Useful flags to review for production runs:

- `--normalize-input`
- `--warmup-epochs`
- `--transition-epochs`
- `--free-bits`
- `--sep-strength`
- `--bal-strength`
- `--checkpoint-every`

## 5. Extract Feature Networks

`bsvae-networks extract-networks` builds sparse feature-feature graphs from trained latents.

```bash
bsvae-networks extract-networks \
  --model-path results/sweep_prod/final_k16 \
  --dataset data/expression.csv \
  --output-dir results/sweep_prod/final_k16/networks \
  --methods mu_cosine gamma_knn \
  --top-k 50
```

Methods:

- `mu_cosine`: top-k cosine neighbors in latent mean space
- `gamma_knn`: FAISS-based kNN graph in soft-assignment space

Outputs are sparse adjacency files such as:

- `mu_cosine_adjacency.npz`
- `gamma_knn_adjacency.npz`

## 6. Extract Modules

`extract-modules` saves soft and hard GMM assignments.
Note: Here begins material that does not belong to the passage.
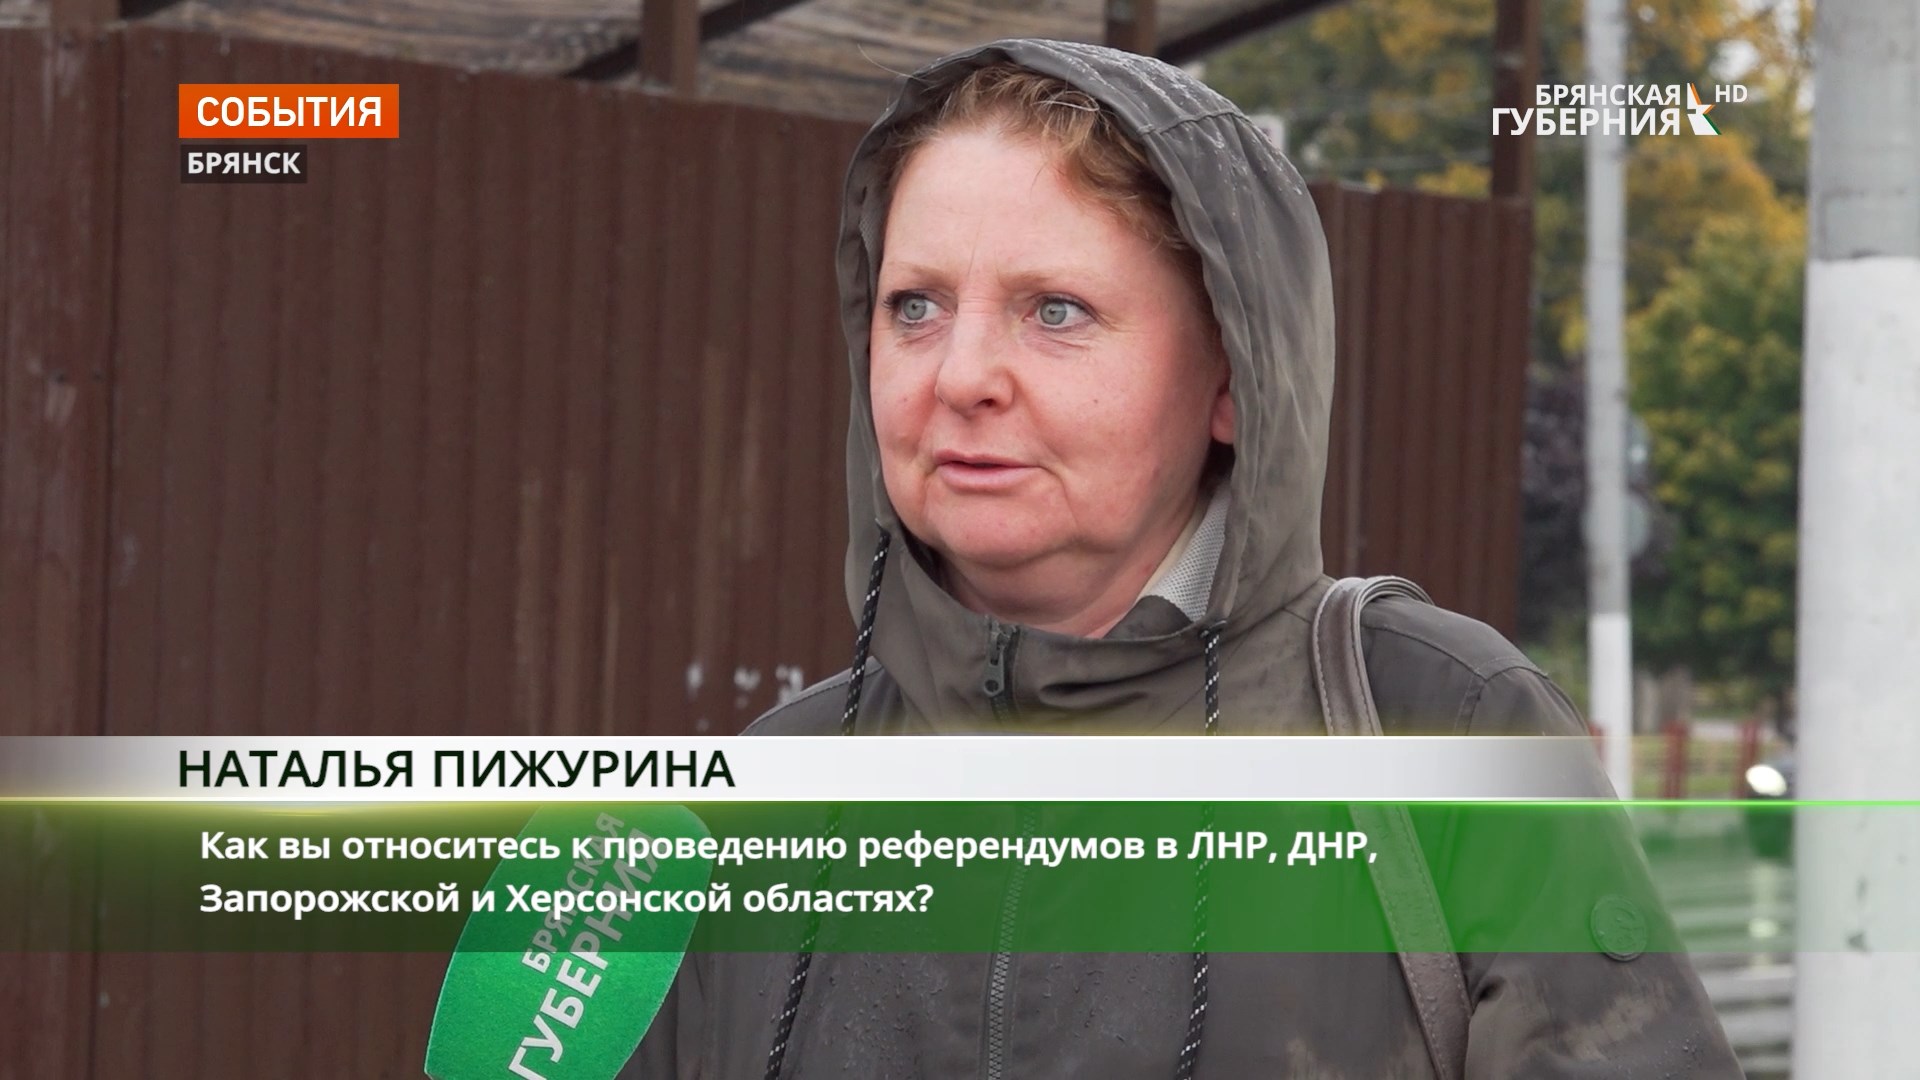 Жители Брянска ждут возвращение Донбасса в Россию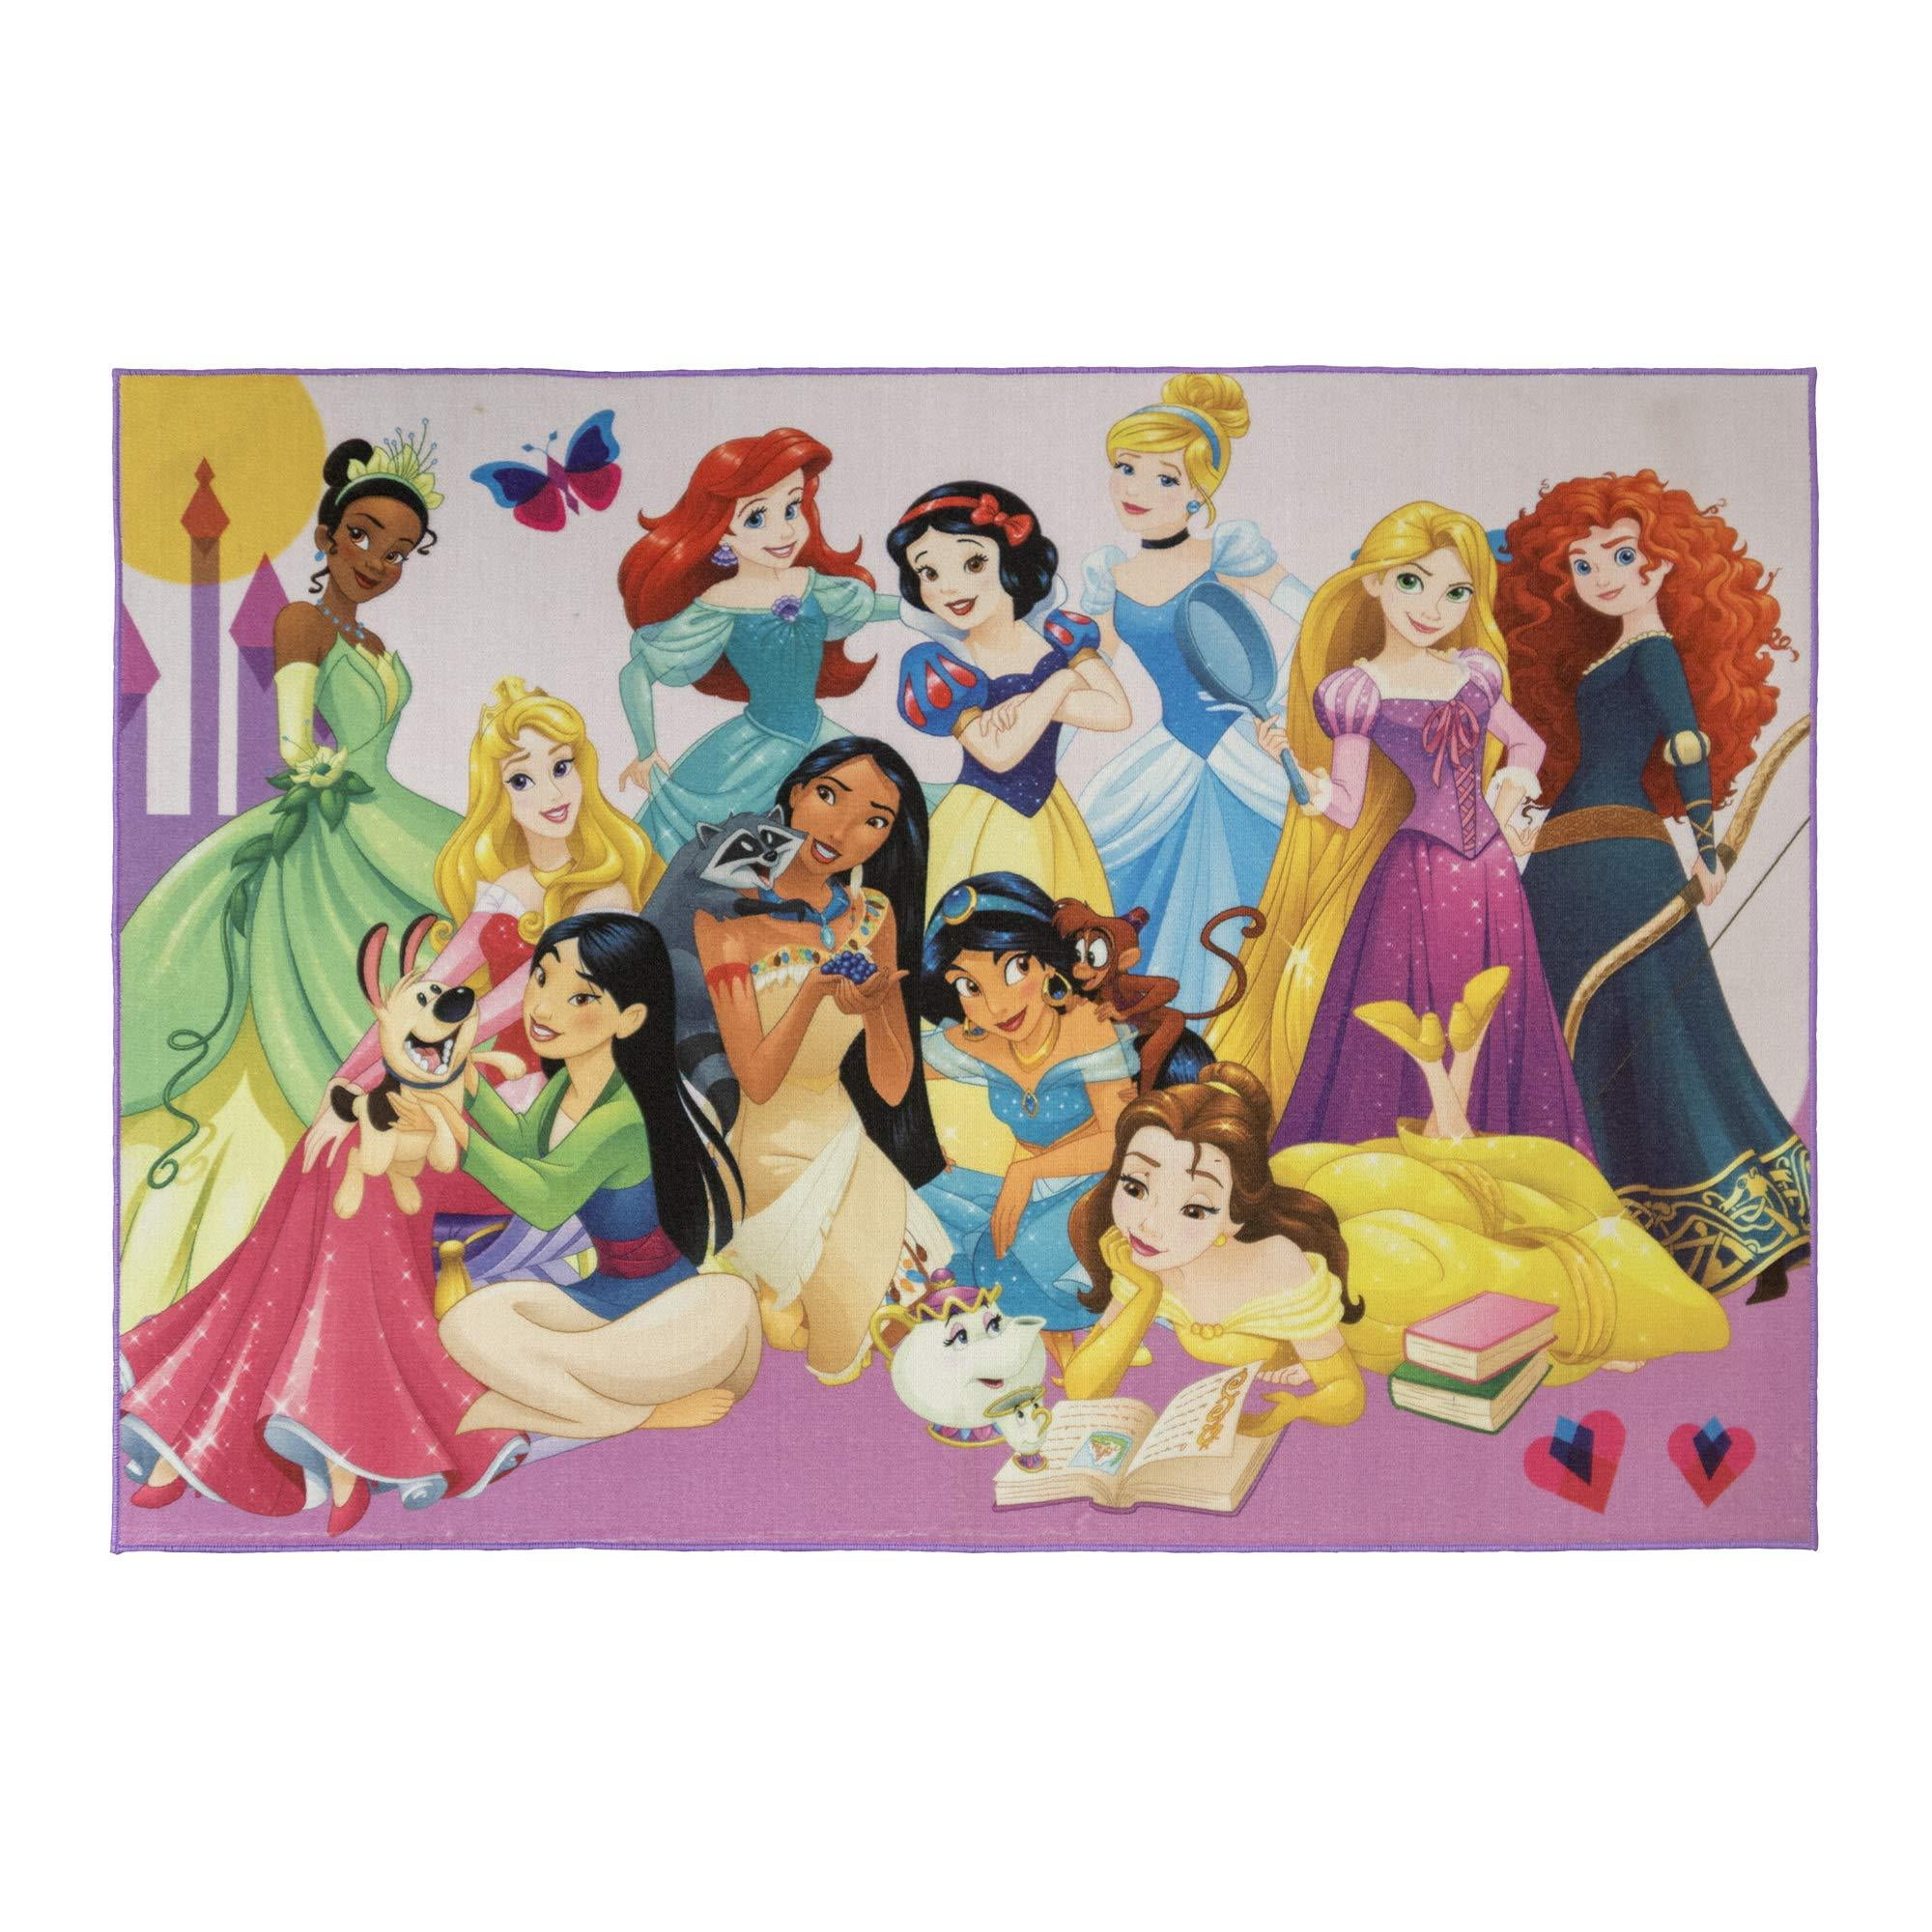 Gertmenian Disney Princess Rug Kids Party Carpet, 5x7

Add `--expr` and `--soft-eigengenes` to compute eigengenes.

```bash
bsvae-networks extract-modules \
  --model-path results/sweep_prod/final_k16 \
  --dataset data/expression.csv \
  --output-dir results/sweep_prod/final_k16/modules \
  --expr data/expression.csv \
  --soft-eigengenes
```

Primary outputs:

- `gamma.npz`
- `hard_assignments.npz`
- `soft_eigengenes.csv` when requested

Optional comparison outputs:

- `leiden_modules.csv` with `--use-leiden`
- `gamma_gene.npz` and `hard_assignments_gene.npz` with `--aggregate-to-gene --tx2gene`

## 7. Export Latents

`export-latents` writes a compressed NumPy archive.

```bash
bsvae-networks export-latents \
  --model-path results/sweep_prod/final_k16 \
  --dataset data/expression.csv \
  --output results/sweep_prod/final_k16/latents
```

Saved arrays:

- `mu`
- `logvar`
- `gamma`
- `feature_ids`

## 8. Analyze The Latent Space

```bash
bsvae-networks latent-analysis \
  --model-path results/sweep_prod/final_k16 \
  --dataset data/expression.csv \
  --output-dir results/sweep_prod/final_k16/latent_analysis \
  --kmeans-k 16 \
  --umap
```

Typical outputs:

- `latent_mu.csv`
- `latent_logvar.csv`
- `latent_clusters.csv` when clustering is requested
- `latent_embeddings.csv` when `--umap` or `--tsne` is used
- `latent_covariate_correlations.csv` when `--covariates` is provided

## 9. Generate Synthetic Data And Benchmark Recovery

Generate one dataset:

```bash
bsvae-simulate generate \
  --output data/sim_expr.csv \
  --save-ground-truth data/sim_truth.csv
```

Benchmark a trained model against the ground truth:

```bash
bsvae-simulate benchmark \
  --dataset data/sim_expr.csv \
  --ground-truth data/sim_truth.csv \
  --model-path results/sweep_prod/final_k16 \
  --output results/sweep_prod/final_k16/sim_metrics.json
```

Generate a publication-style scenario grid:

```bash
bsvae-simulate init-config --output sim.yaml

bsvae-simulate generate-grid \
  --config sim.yaml \
  --outdir results/sim_pub_v1 \
  --reps 30 \
  --base-seed 13

bsvae-simulate validate-grid --grid-dir results/sim_pub_v1
```

Each replicate directory includes method-ready files such as:

- `expr/features_x_samples.tsv.gz`
- `expr/samples_x_features.tsv.gz`
- `truth/modules_hard.csv`
- `method_inputs.json`

## 10. Common Problems

- Data orientation is wrong: transpose sample-by-feature matrices before training.
- CUDA memory is tight: reduce `--batch-size` or use `--no-cuda`.
- `gamma_knn` fails: verify `faiss-cpu` is installed (required dependency, but may be missing in some custom envs).
- Hierarchical options fail: make sure `--tx2gene` matches the matrix row IDs.
- No eigengene file appears: `--soft-eigengenes` only writes output when `--expr` is supplied.

## 11. Legacy Configuration Note

The active CLI does not use `hyperparam.ini`. The files in `src/bsvae/hyperparam.ini` and `docs/hyperparam.ini` are retained for compatibility context only.

For reproducible runs, prefer shell scripts or workflow files with explicit CLI flags.